◆ **Given records**
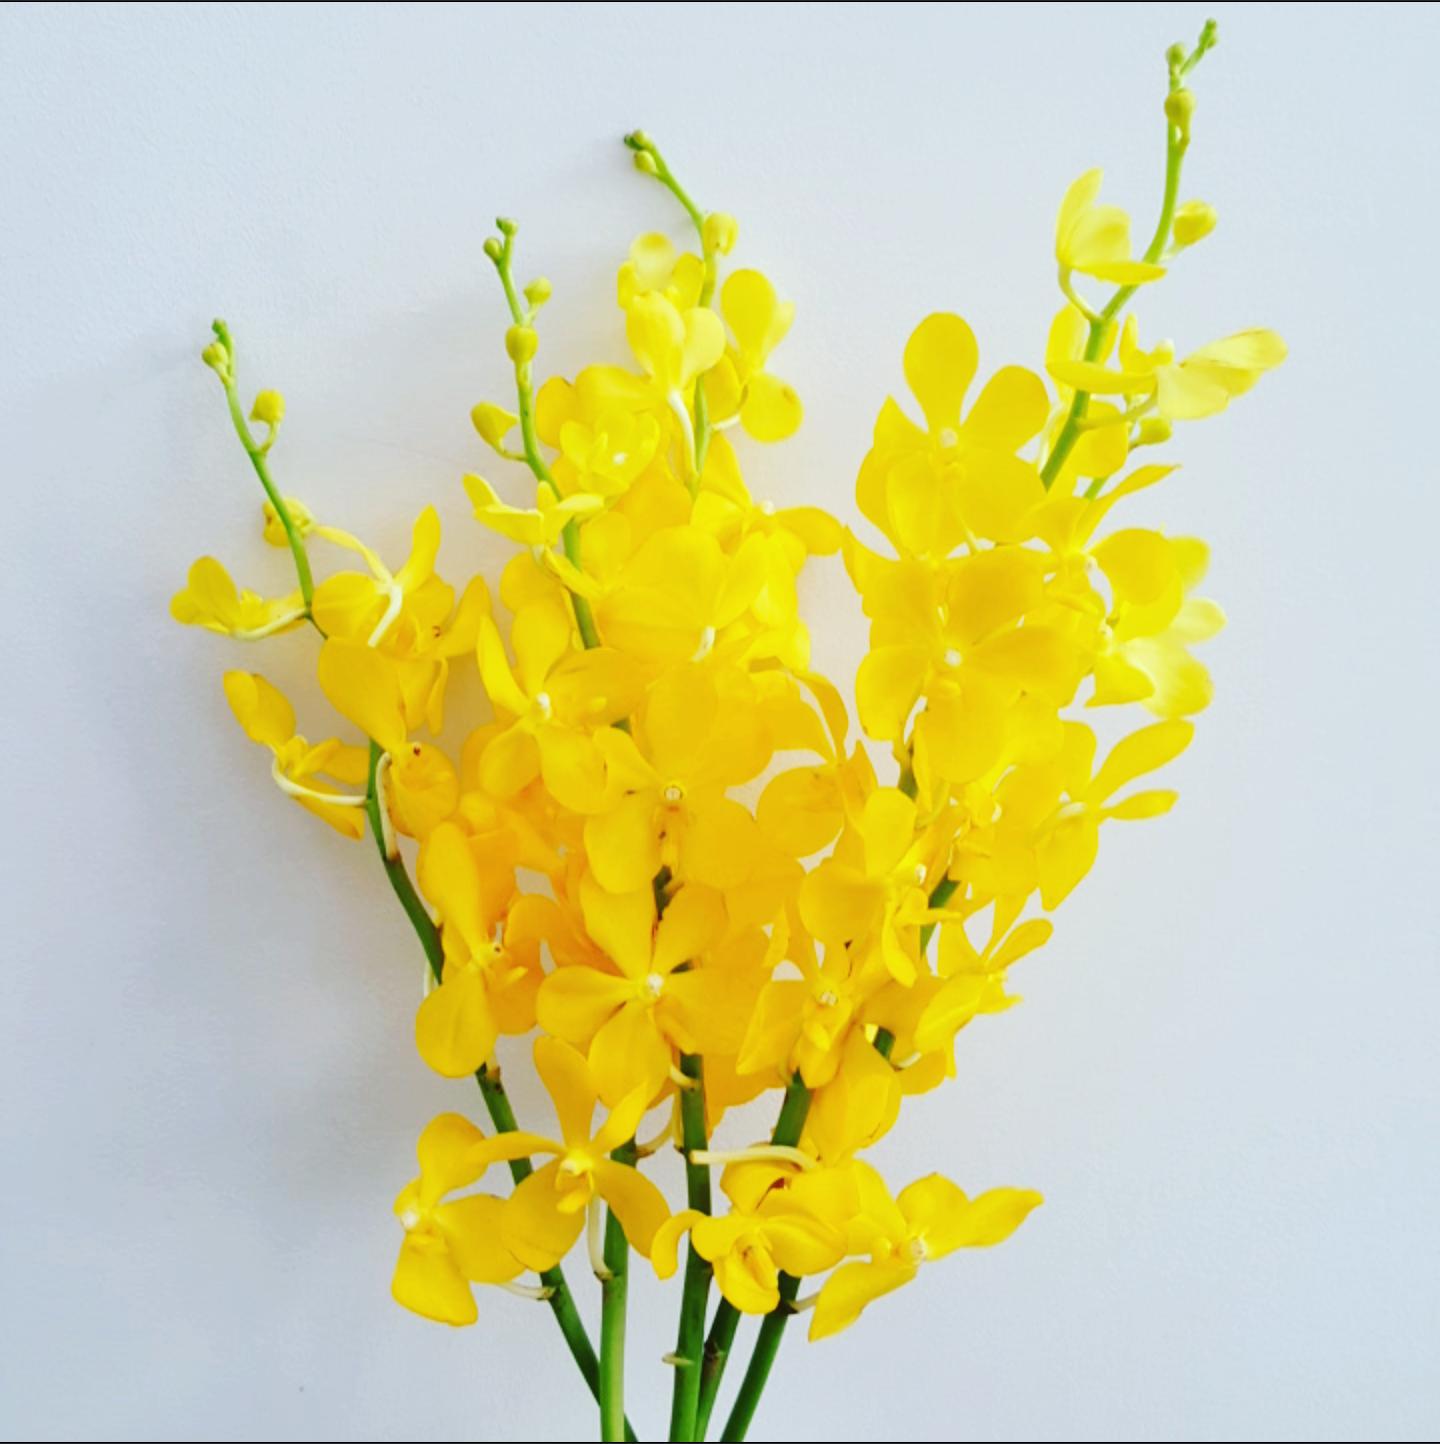 Yellow vanda
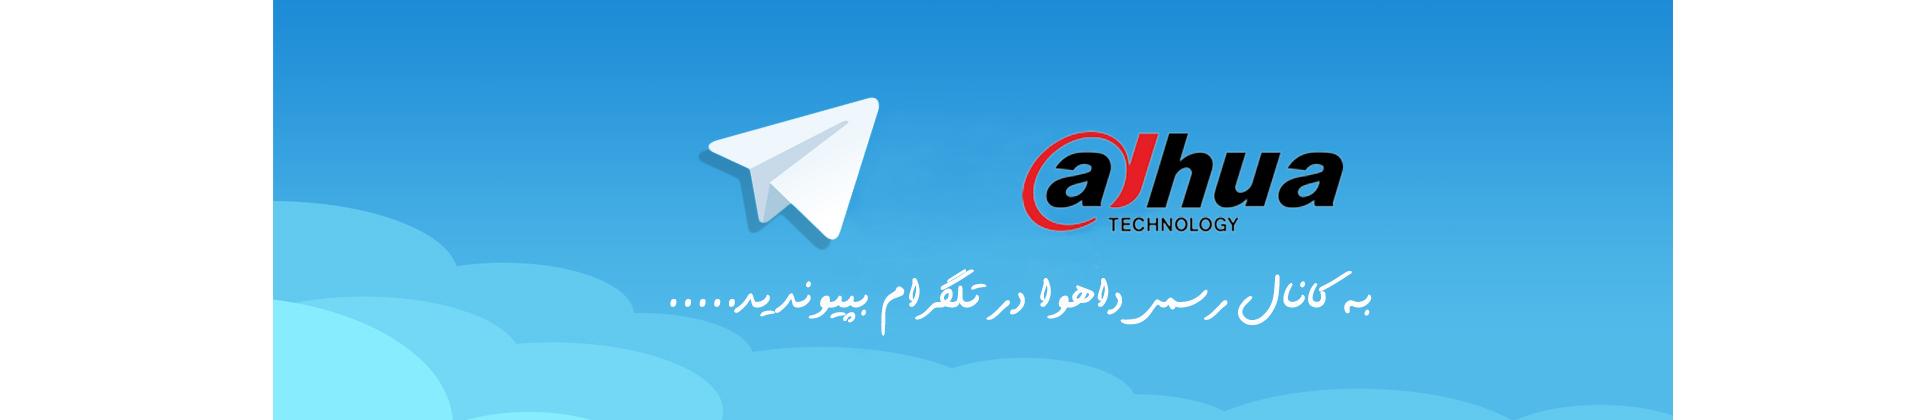 کانال رسمی داهوا در تلگرام
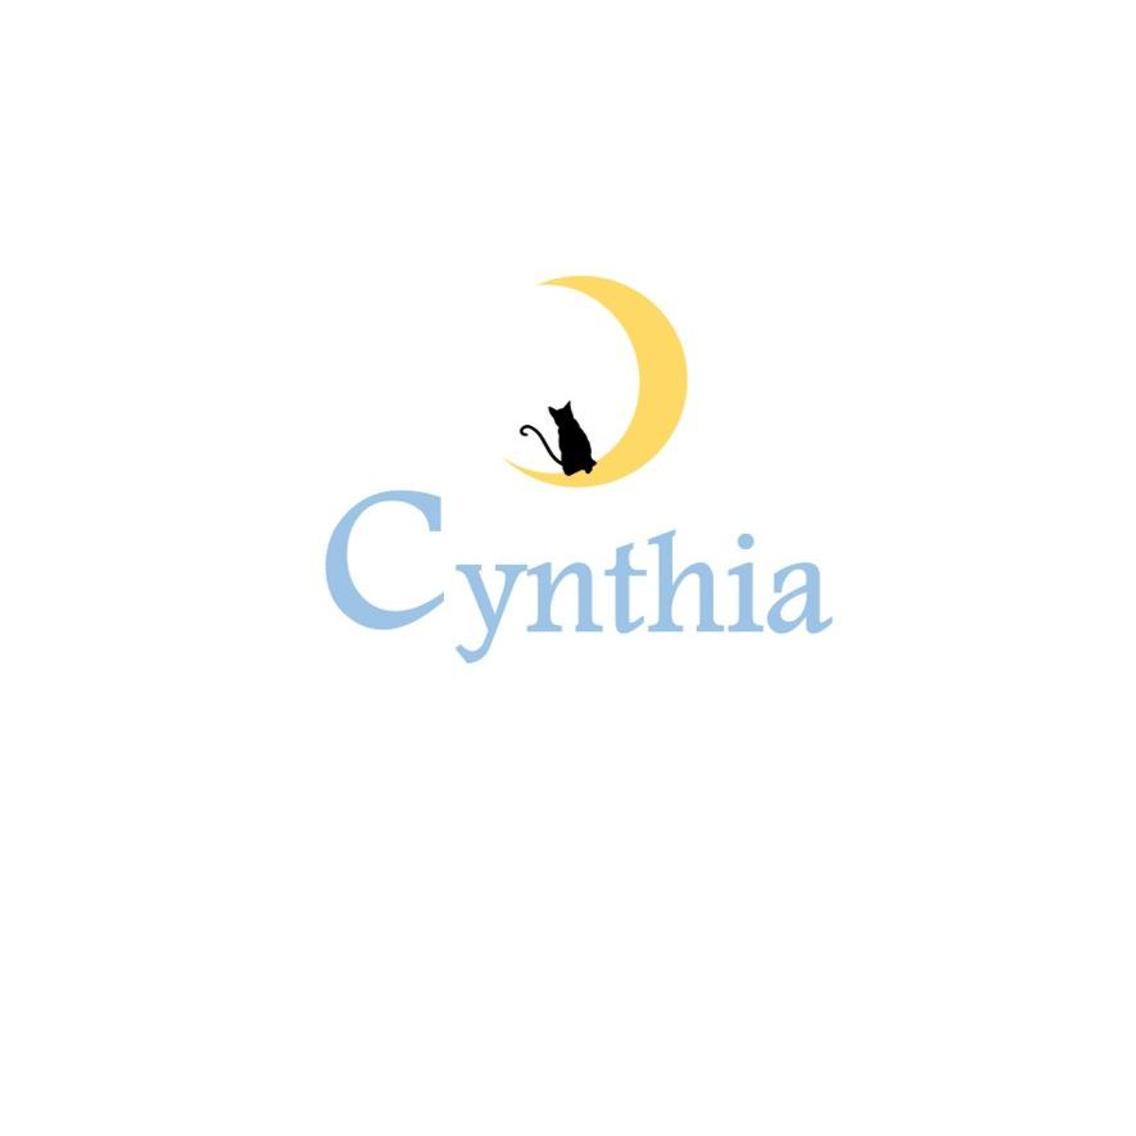 Beautiness Club Cynthia所属・Cynthia木脇の掲載
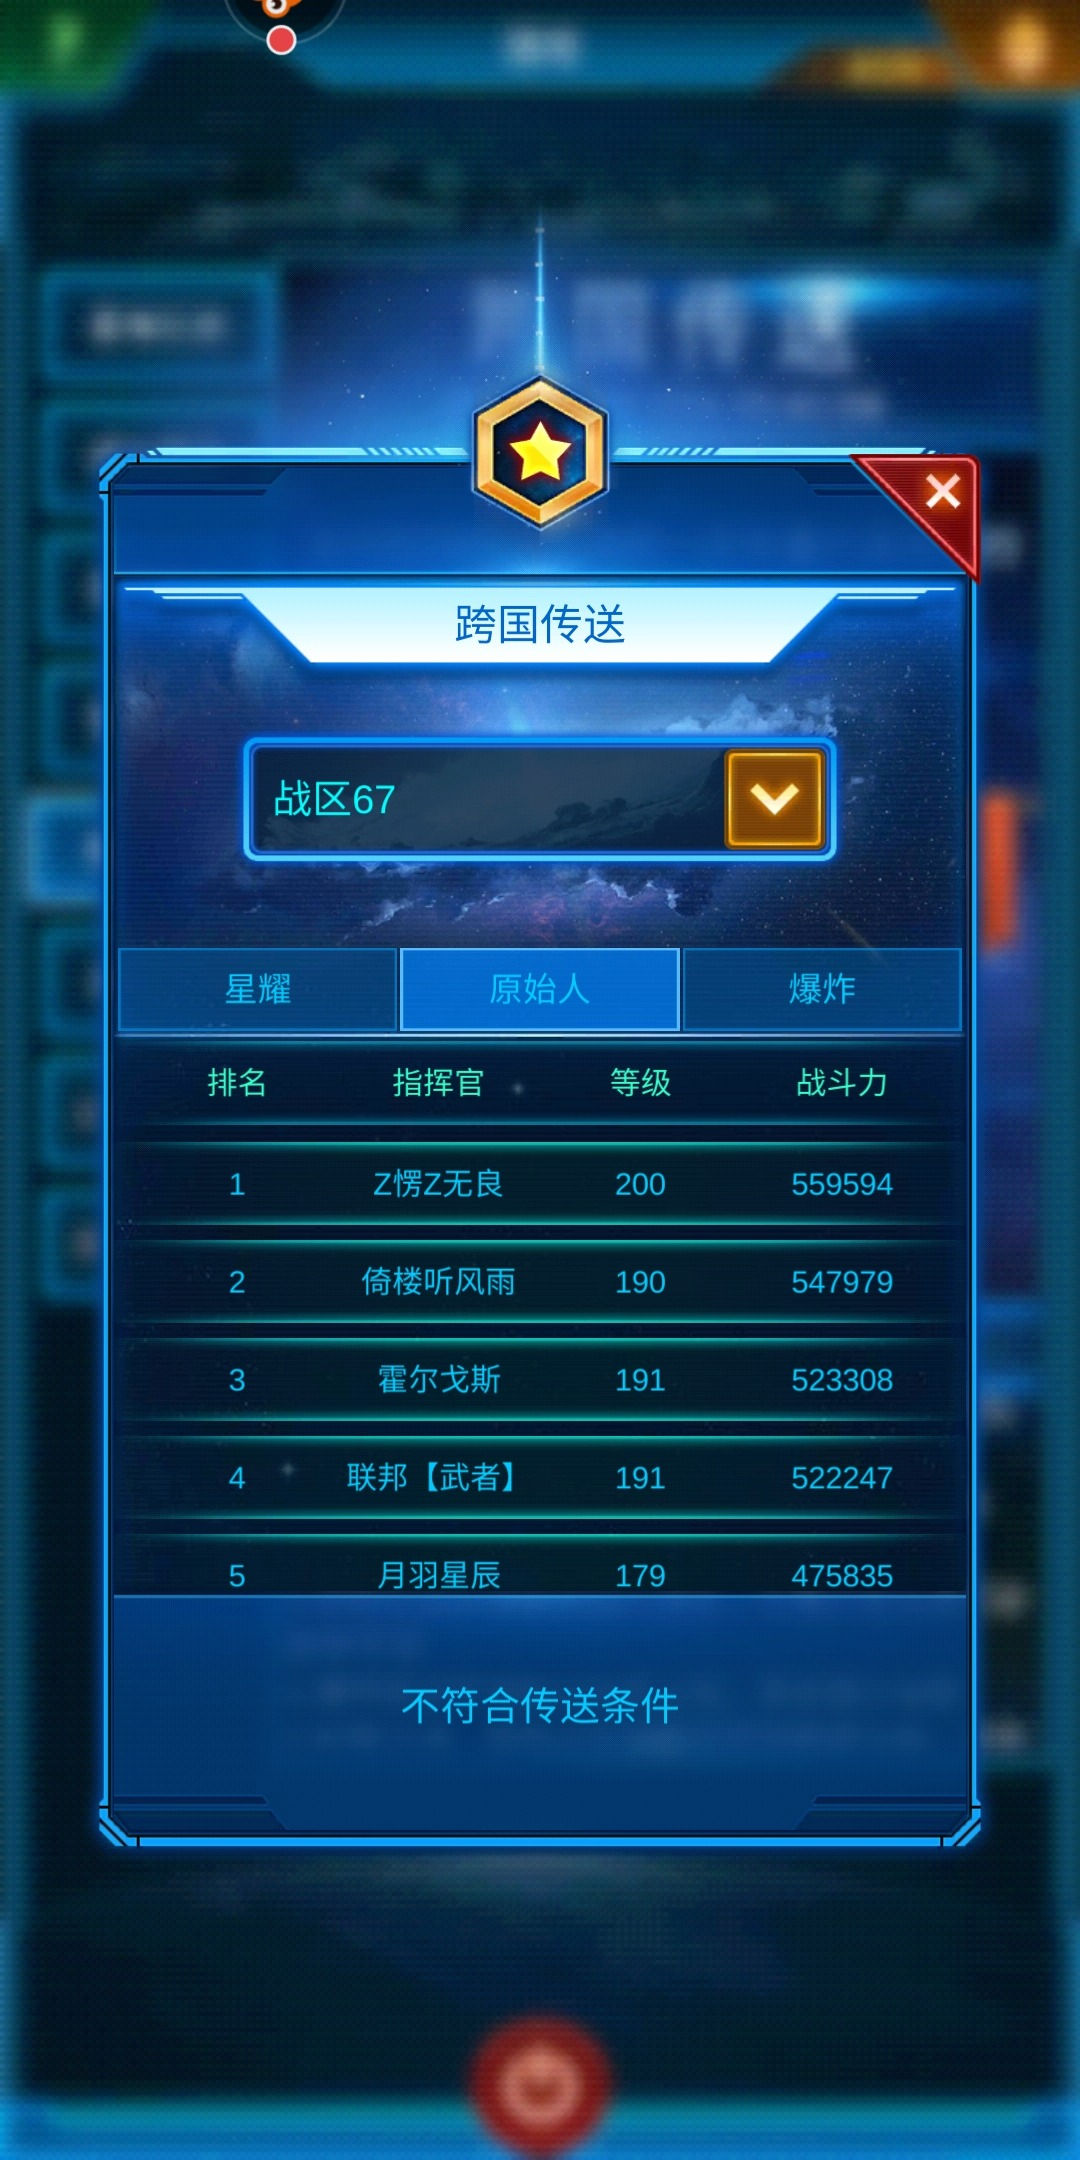 Screenshot_2020-02-17-13-19-41-915_com.jedigames.p16s.aligames.jpg
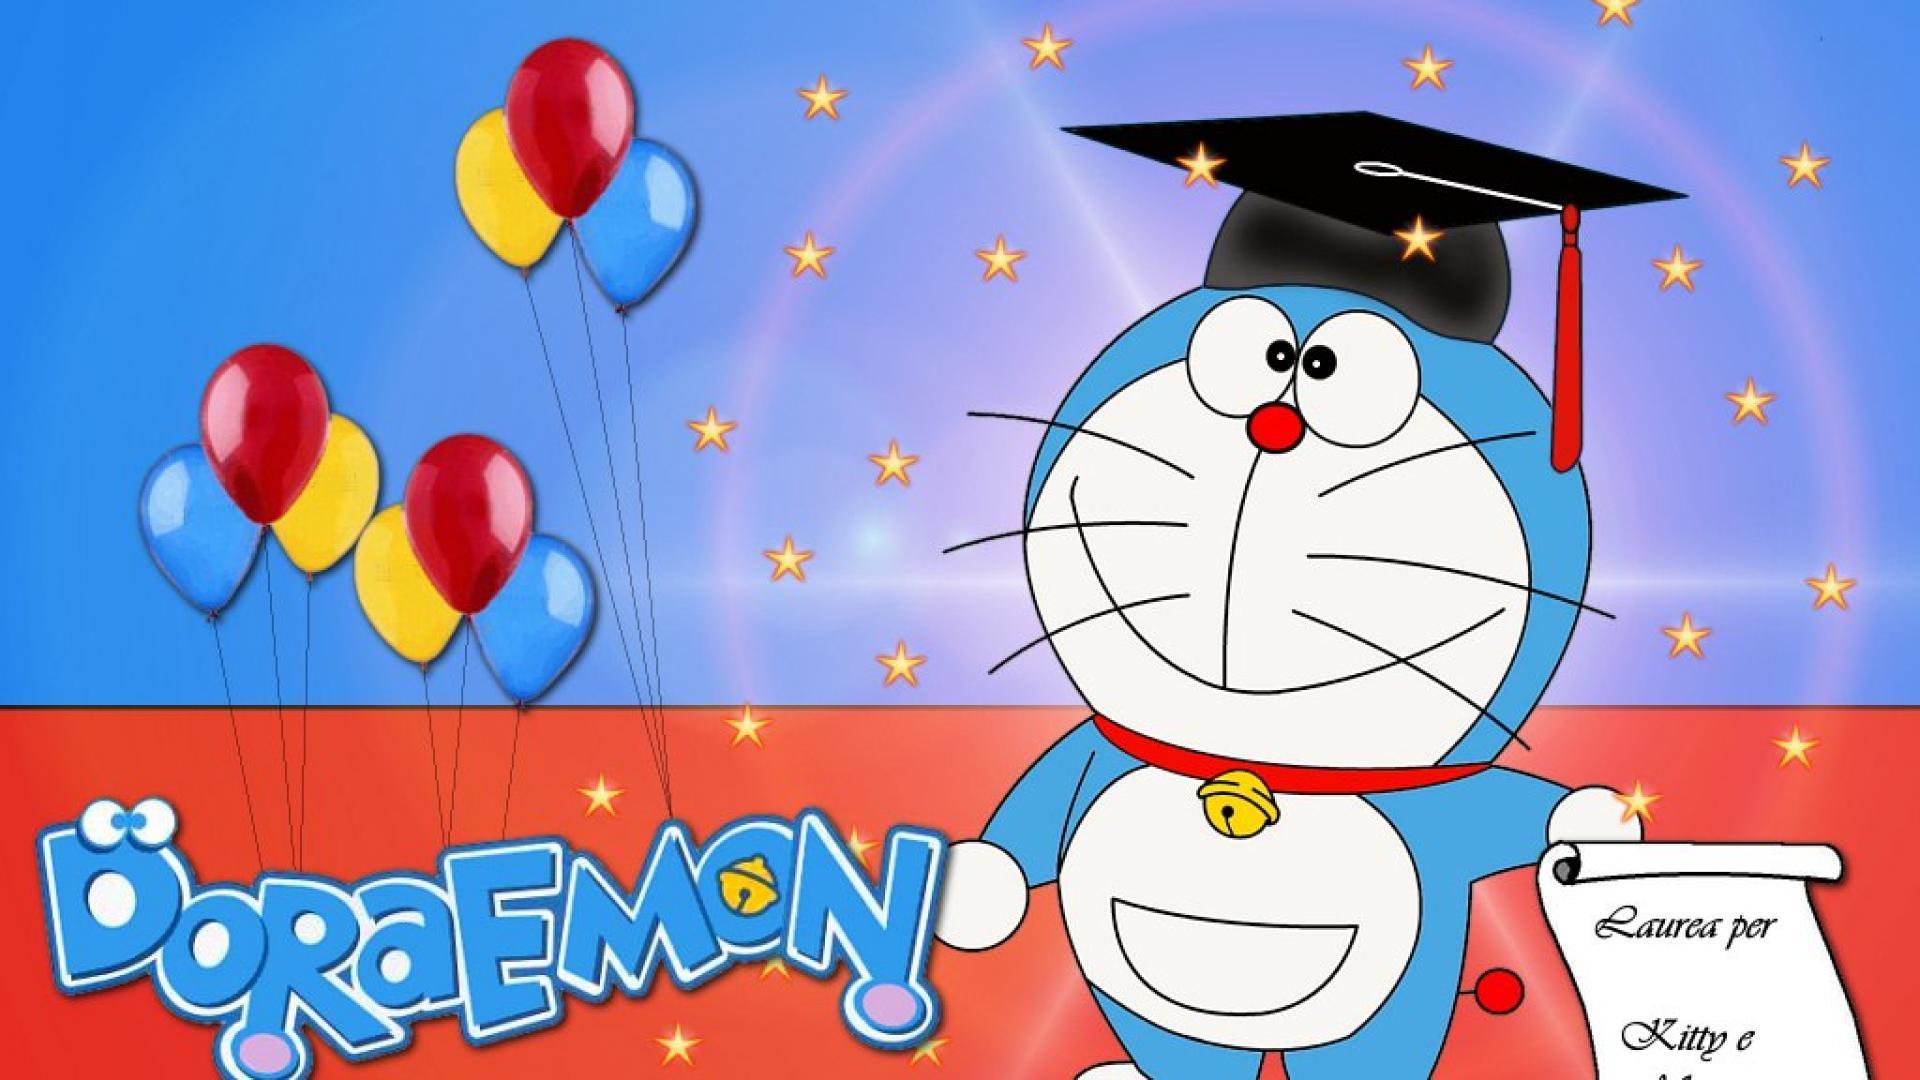 Doraemon wallpaper 8

◆ **What is expected**
Would you please write out exactly the lines between the line containing "Beautiness Club Cynthia所属・Cynthia木脇の掲載" and the last line of the listing above, inclusive, without pictures?

◆ **Result for this exercise**
 Beautiness Club Cynthia所属・Cynthia木脇の掲載
 Screenshot_2020-02-17-13-19-41-915_com.jedigames.p16s.aligames.jpg
 Doraemon wallpaper 8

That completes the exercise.